Here is another counterexample which gives closed-form distributions of $X, Y, X|Y = y$ and $Y|X = x$.
Let $Y, Z \text{ i.i.d. } \sim N(0, 1)$, and define $X = \frac{Z}{Y}$. Then for $y \neq 0$ (the probability of $Y = 0$ is zero), \begin{align} X | Y = y \sim N(0, y^{-2}). \end{align}
On the other hand, it is well known that the marginal distribution of $X$ is Cauchy distribution, i.e., \begin{align} f_X(x) = \frac{1}{\pi(1 + x^2)}, \quad x \in \mathbb{R}. \tag{1} \end{align} And the joint distribution of $X$ and $Y$ can be evaluated as (where $\Phi$ and $\varphi$ denote CDF and PDF of the standard normal distribution respectively): \begin{align} & F(x, y) = P[X \leq x, Y \leq y] \\ =& P[Z \leq Yx, Y \leq y, Y > 0] + P[Z \geq Yx, Y \leq y, Y < 0] \\ =& \begin{cases} \int_{-\infty}^y(1 - \Phi(tx))\varphi(t)dt & y < 0, \\[1em] \int_0^y\Phi(tx)\varphi(t)dt & y > 0. \end{cases} \end{align} Therefore, the joint density of $(X, Y)$ is given by \begin{align} & f(x, y) = \frac{\partial^2F(x, y)}{\partial x\partial y} \\ =&\begin{cases} -y\varphi(y)\varphi(yx) & y < 0, \\[1em] y\varphi(y)\varphi(yx) & y > 0 \end{cases} \\ =& \frac{1}{2\pi}|y|e^{-(1 + x^2)y^2/2}. \tag{2} \end{align}
$(1)$ and $(2)$ together yield the conditional density of $Y$ given $X = x$:
\begin{align}
f_{Y|X}(y|X = x) = \frac{f(x, y)}{f_X(x)} =
\frac{1}{2}|y|(1 + x^2)e^{-(1 + x^2)y^2/2}. \tag{3}
\end{align}
Obviously, $(3)$ is not the density of any normal distribution (with $y$ as the variate).

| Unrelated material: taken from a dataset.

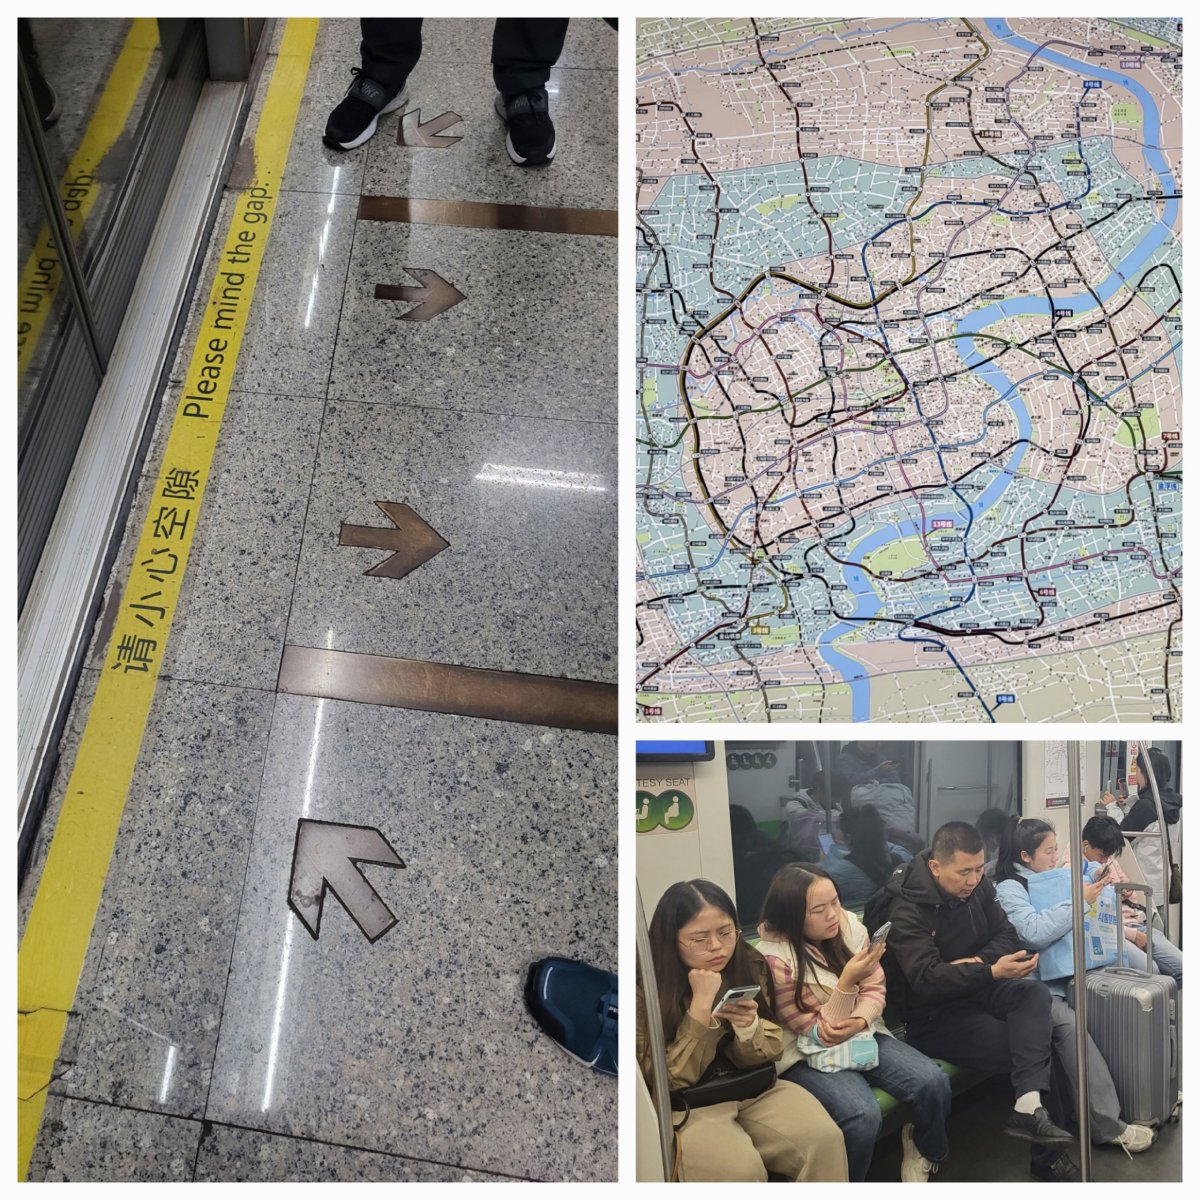 Šanghajské metro - současně se tu nastupuje a vystupuje

Thus $Y | X = x$ is not normal. For example, when $x = 0$, $(3)$ looks like as follows:
P.S., PDF $(3)$ may be termed as "double generalized gamma distribution", based on these two articles: Generalized gamma distribution and Double Gamma Distribution. The parameters linked to the generalized gamma distribution are $a = \sqrt{2(1 + x^2)^{-1}}$ (scale) and $d = 2, p = 2$.